GOAL OF THE EXERCISE: Could you retype every line below exactly, omitting the images?

DATASET SECTION:
..............................
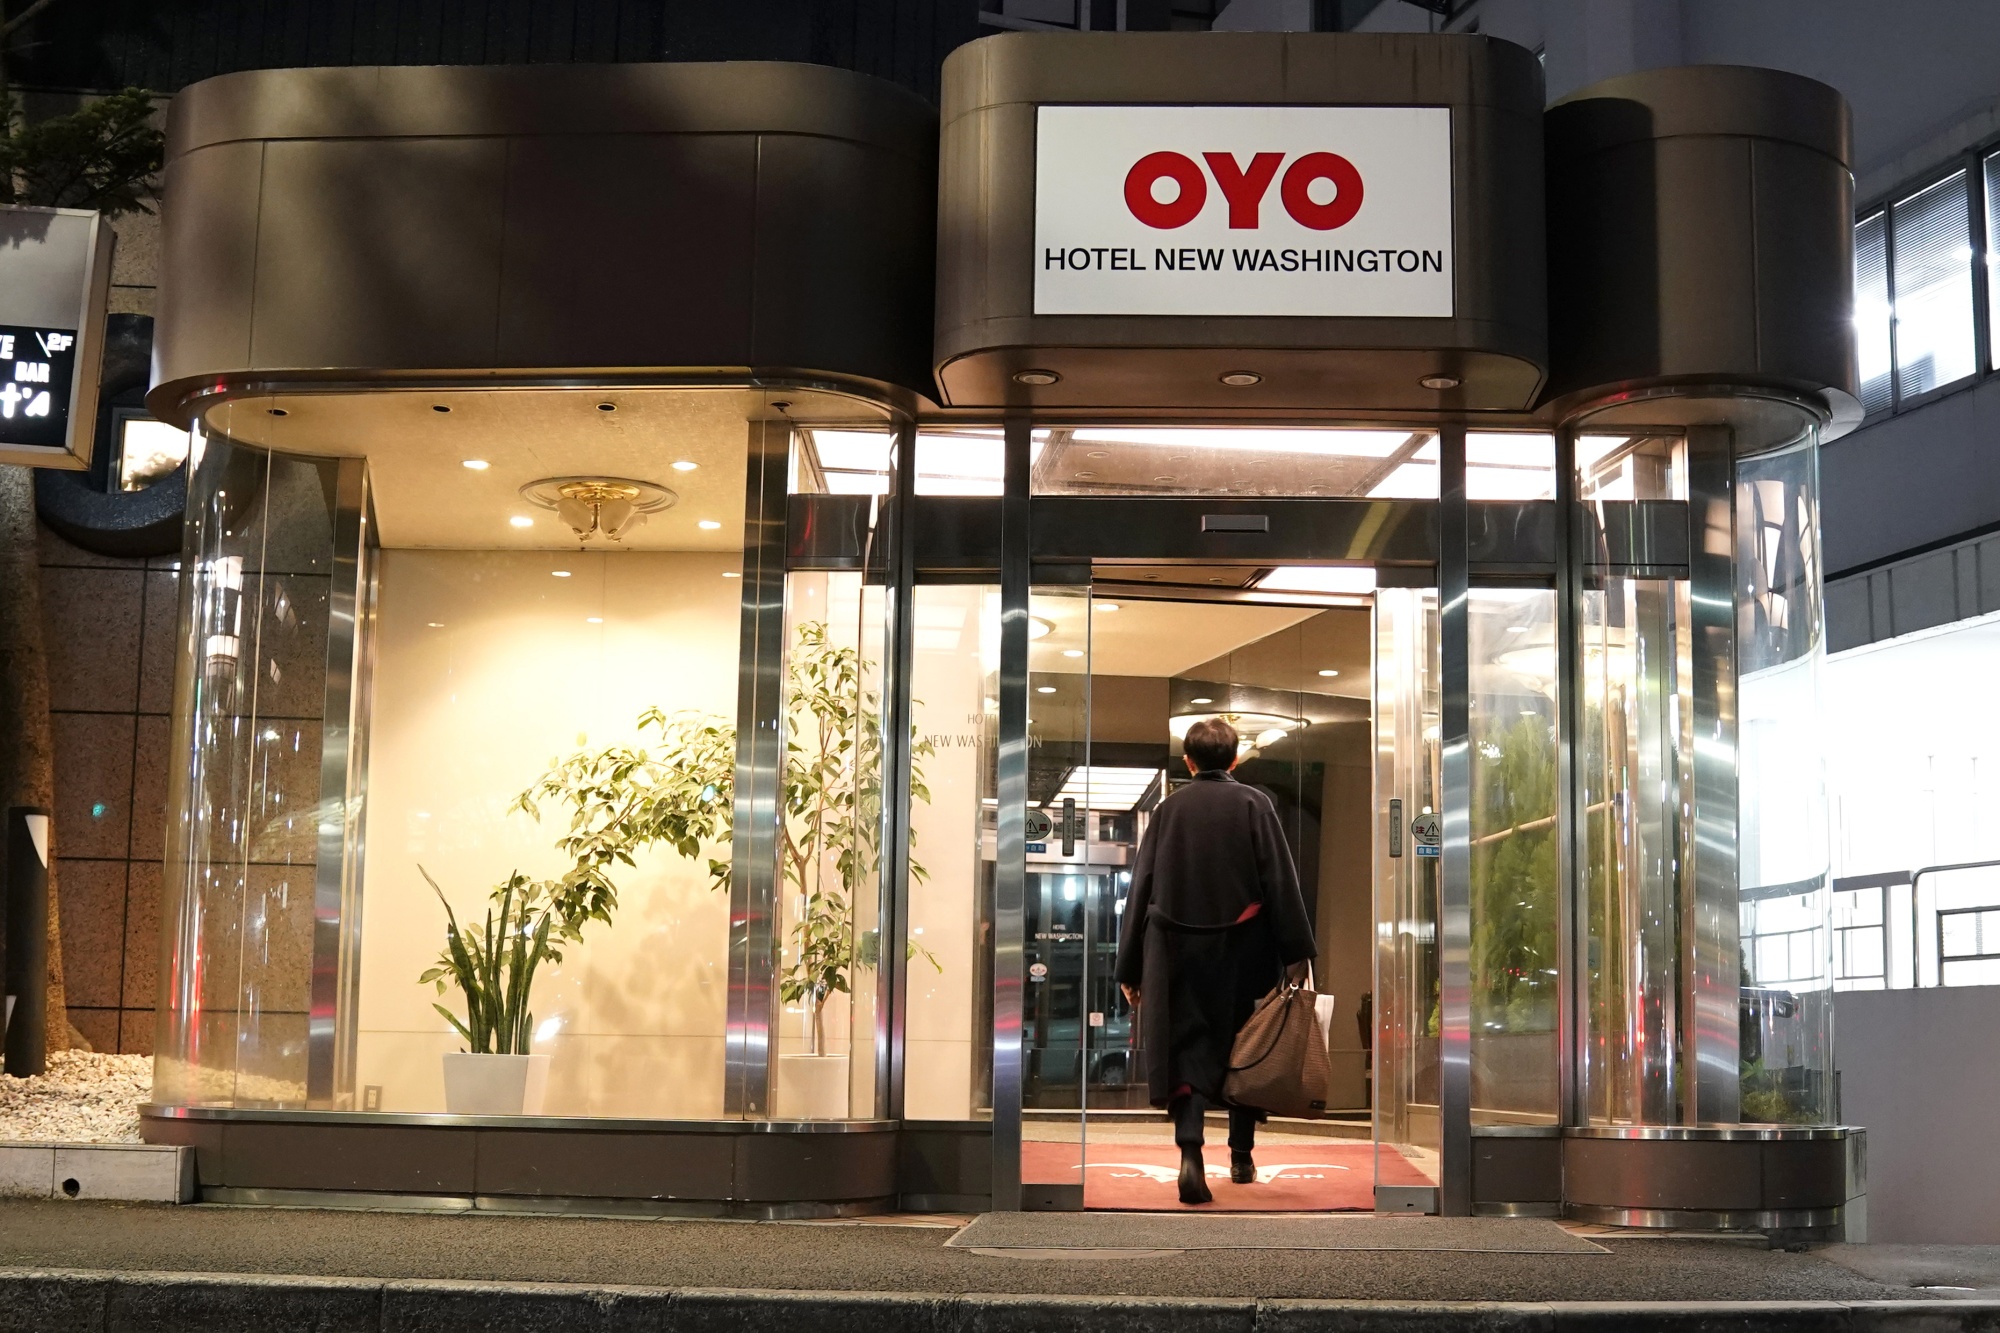 A hotel operated by Oyo Hotels Japan in Tokyo.
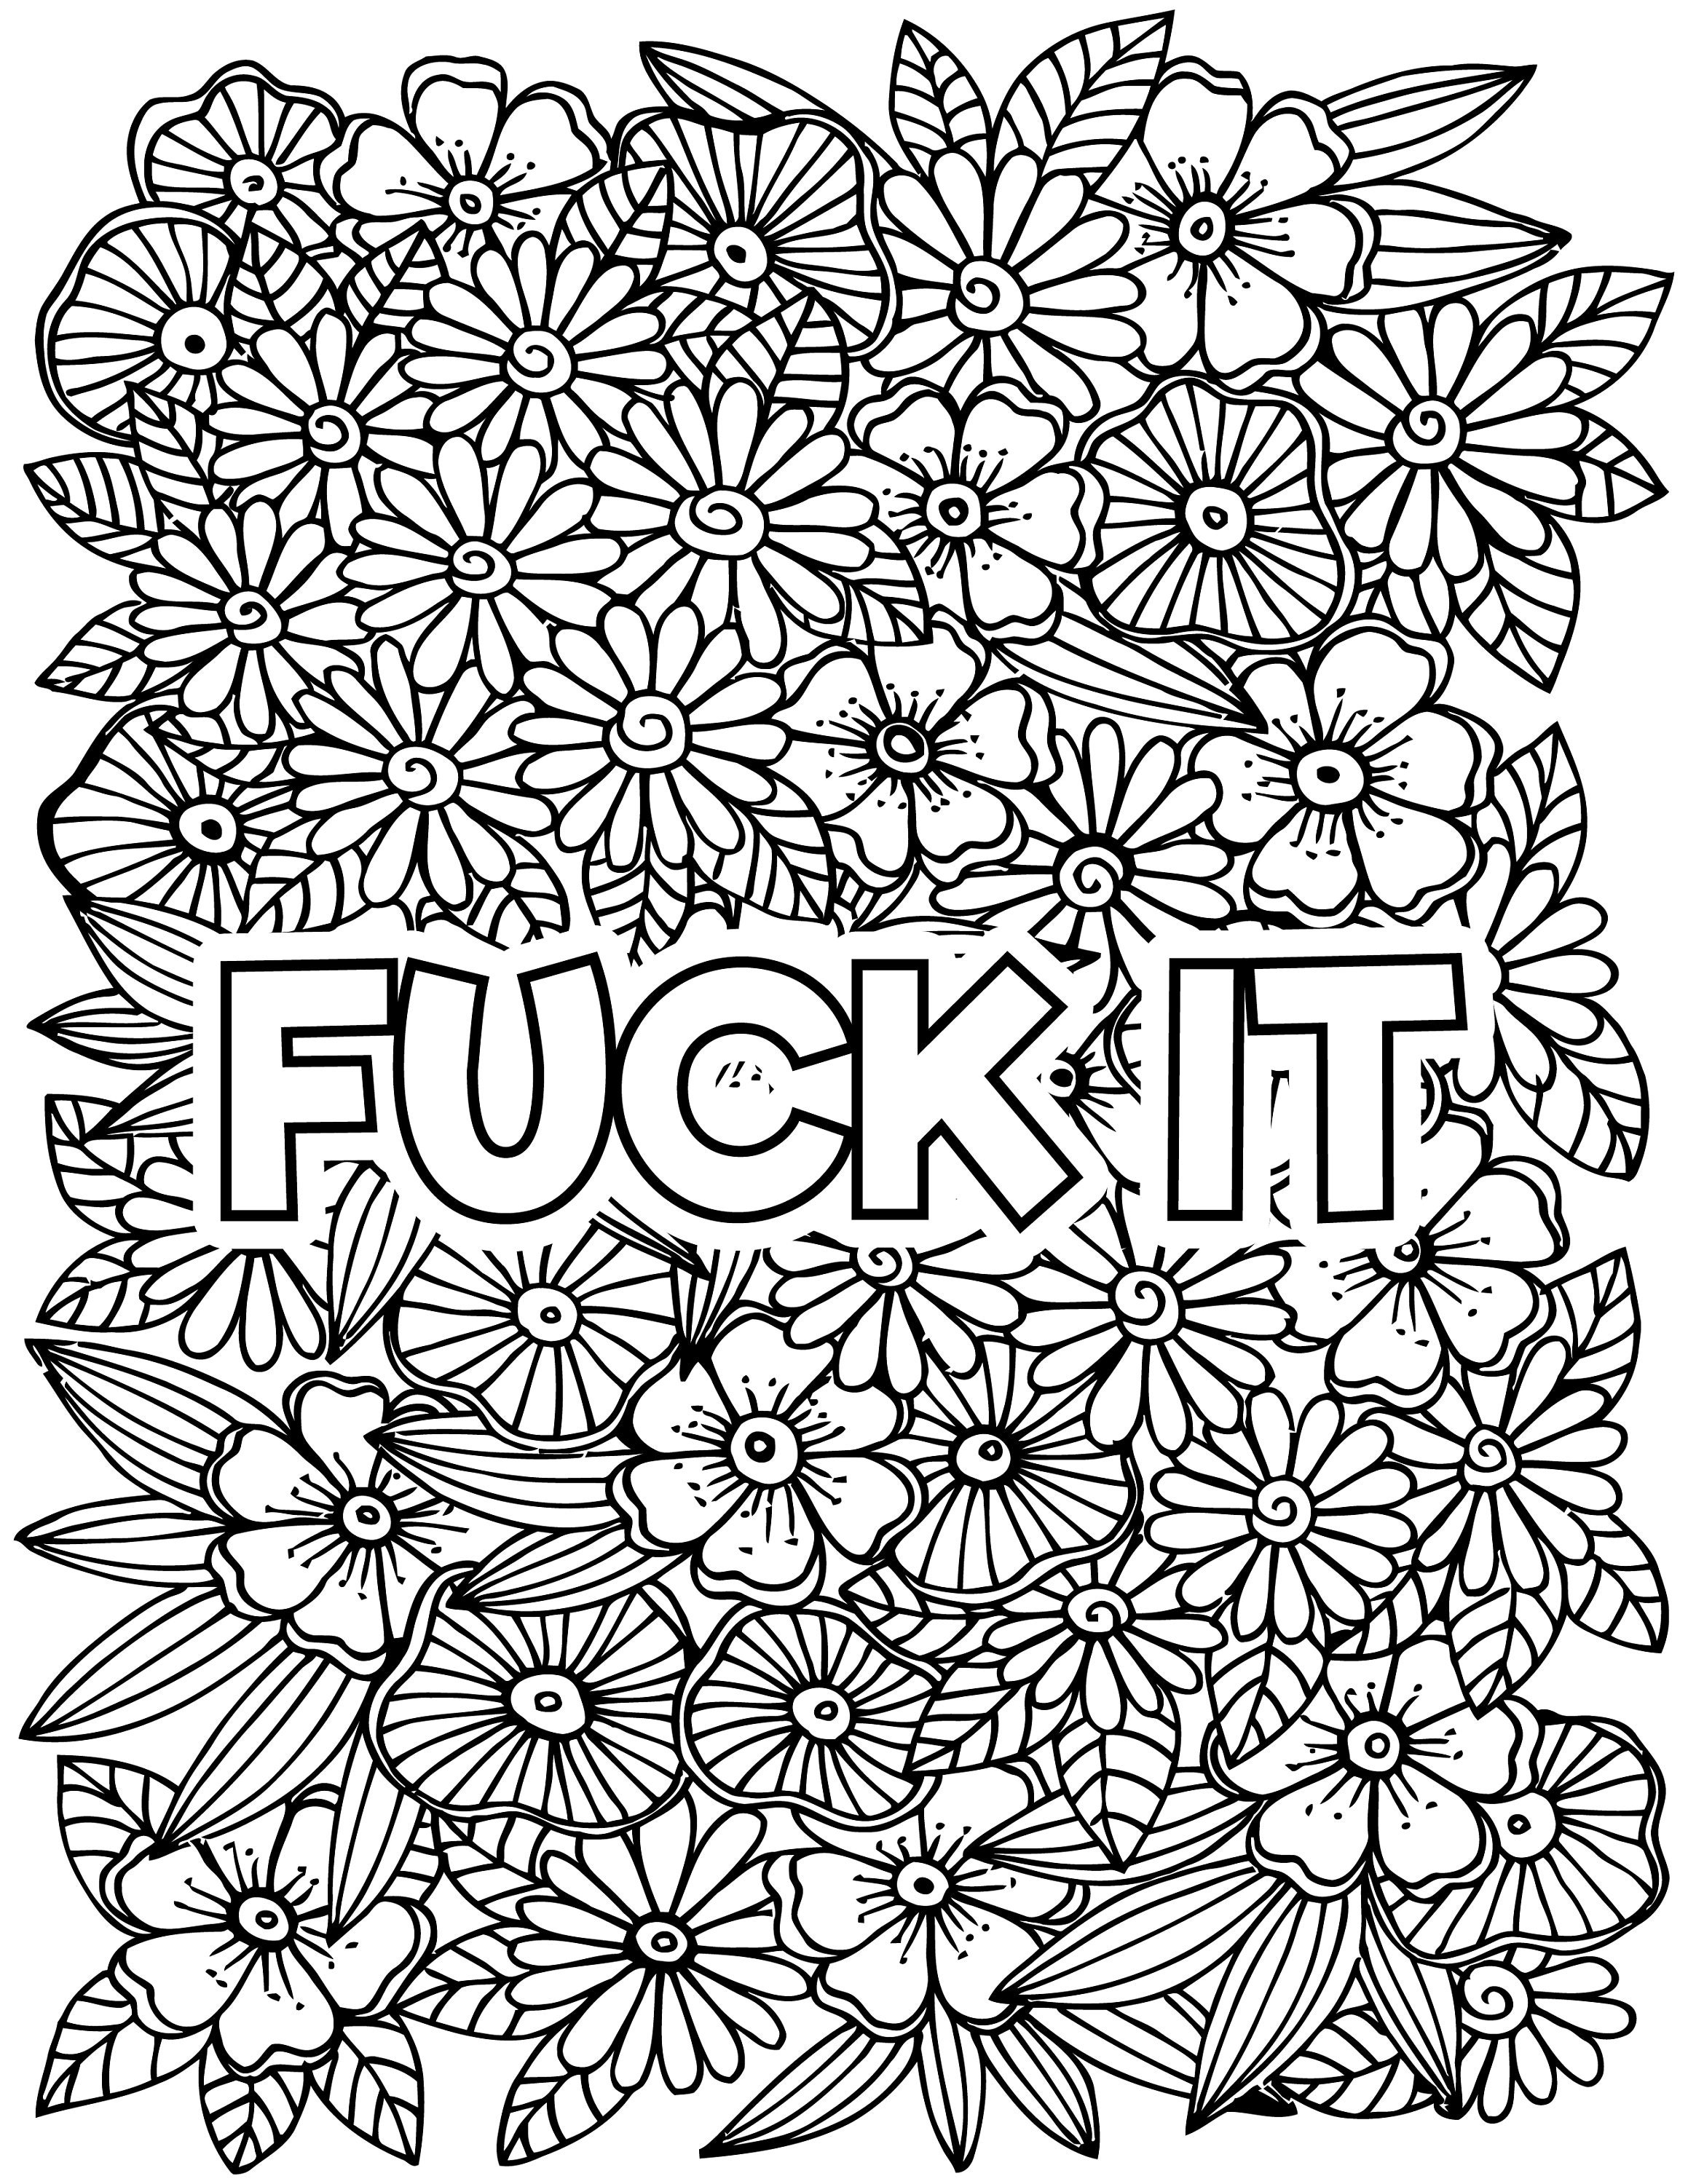 Swear Words Coloring Book - Color Your Stress Away
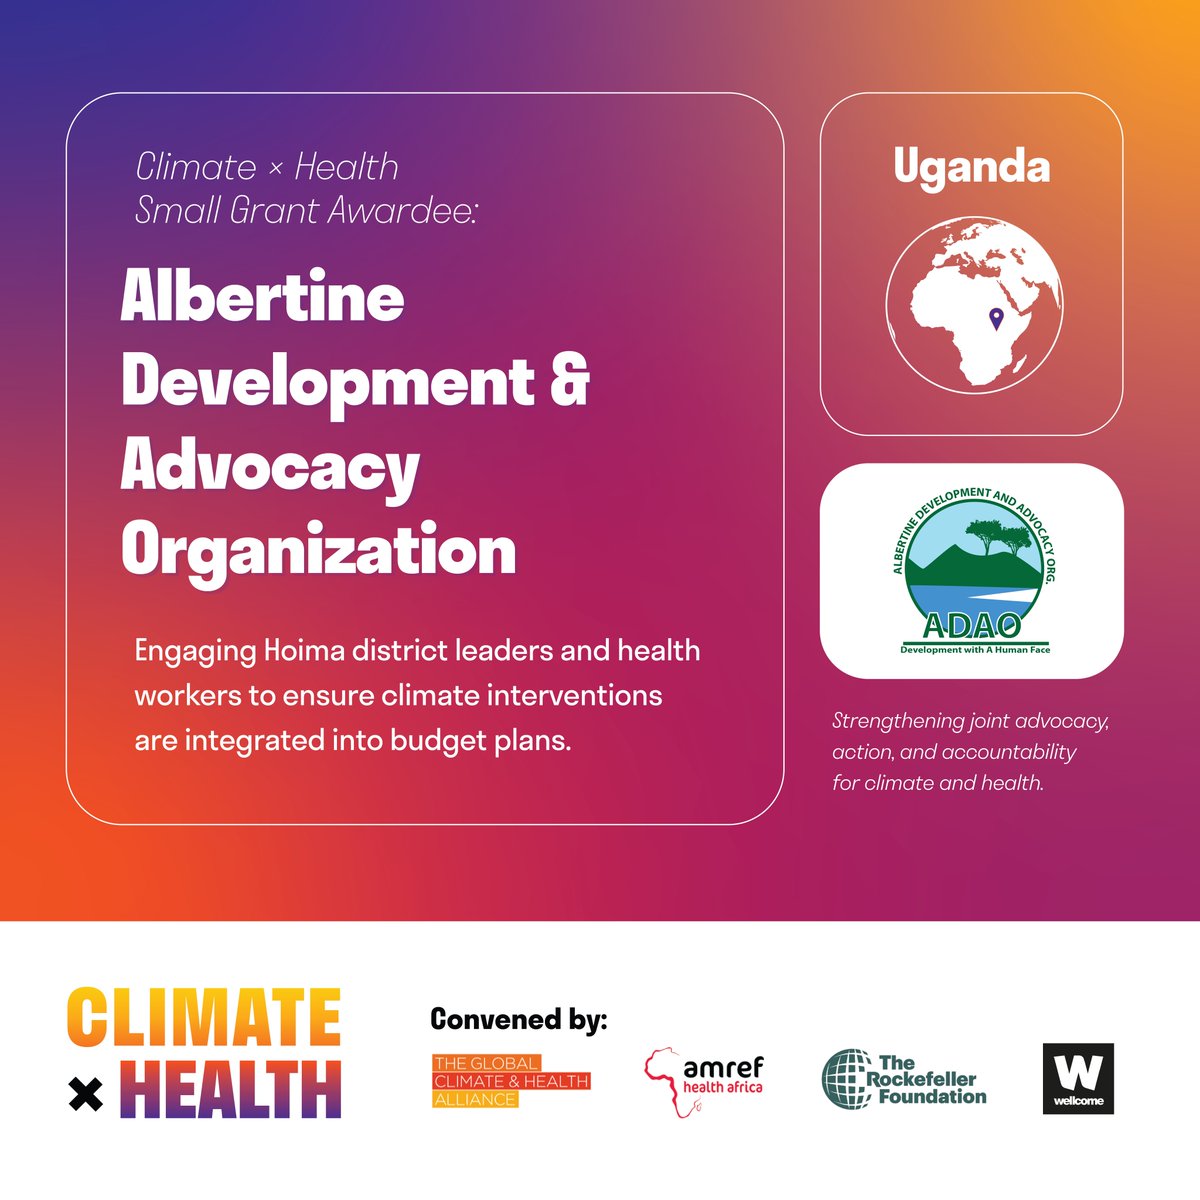 Congratulations to @AlbertineA9196, winner of a Climate x Health small grant to engage district leaders and health workers in Hoima, Uganda to integrate climate and health interventions into budget plans. Learn more about their project here: climatexhealth.org/small-grants
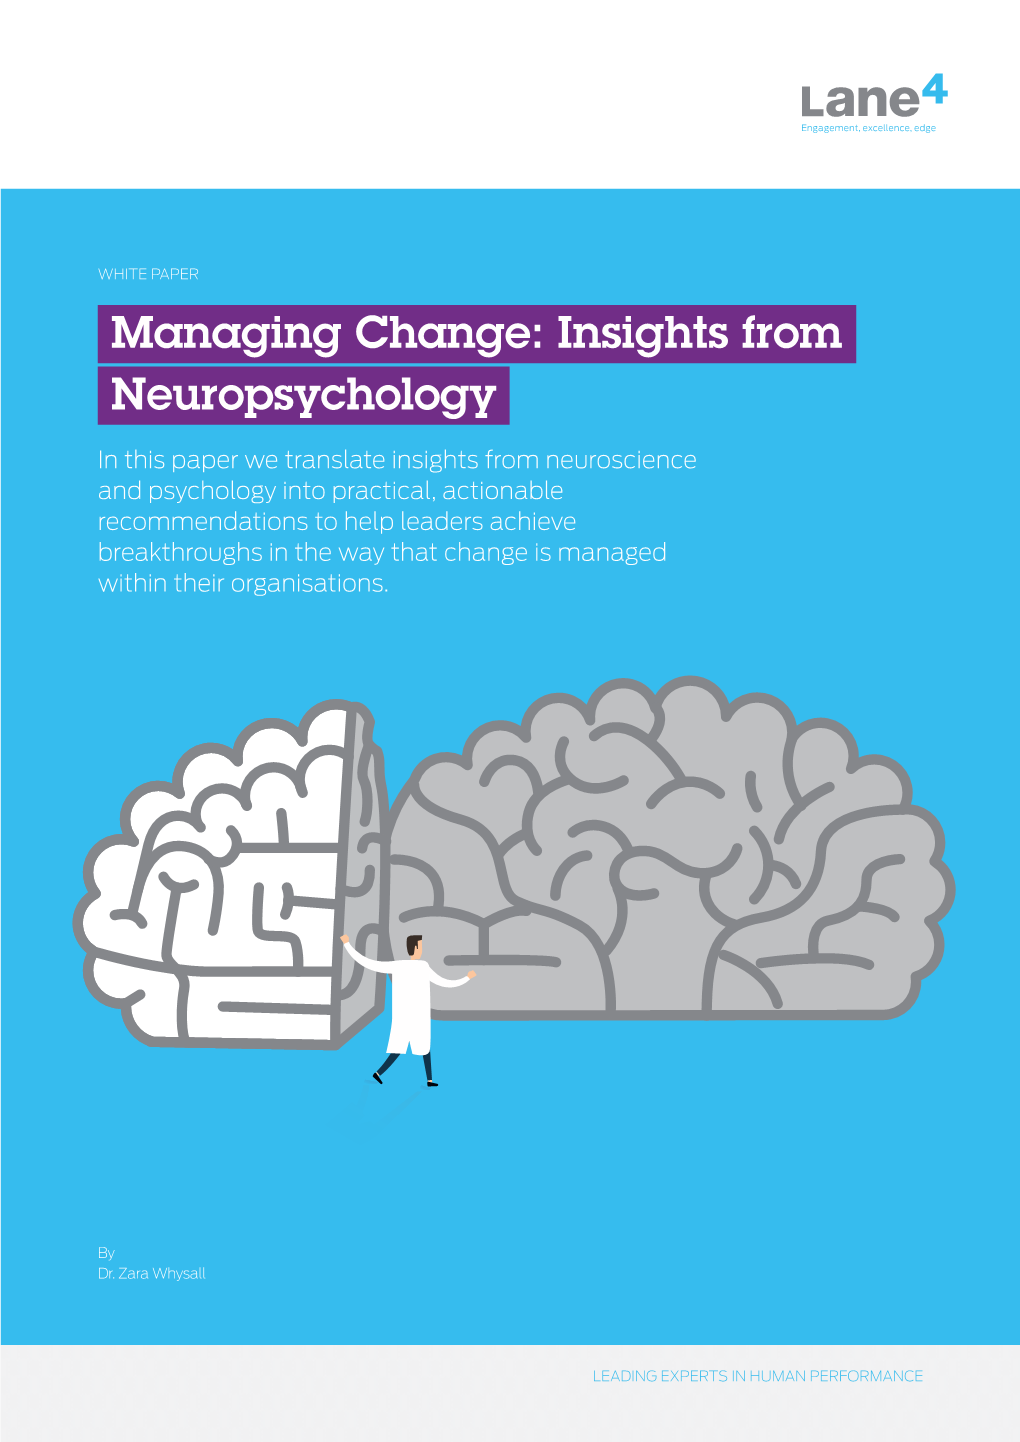 Managing Change: Insights from Neuropsychology
..............................
RESULT OF THIS EXERCISE:
 A hotel operated by Oyo Hotels Japan in Tokyo.
 Swear Words Coloring Book - Color Your Stress Away
 Congratulations to @AlbertineA9196, winner of a Climate x Health small grant to engage district leaders and health workers in Hoima, Uganda to integrate climate and health interventions into budget plans. Learn more about their project here: climatexhealth.org/small-grants
 Managing Change: Insights from Neuropsychology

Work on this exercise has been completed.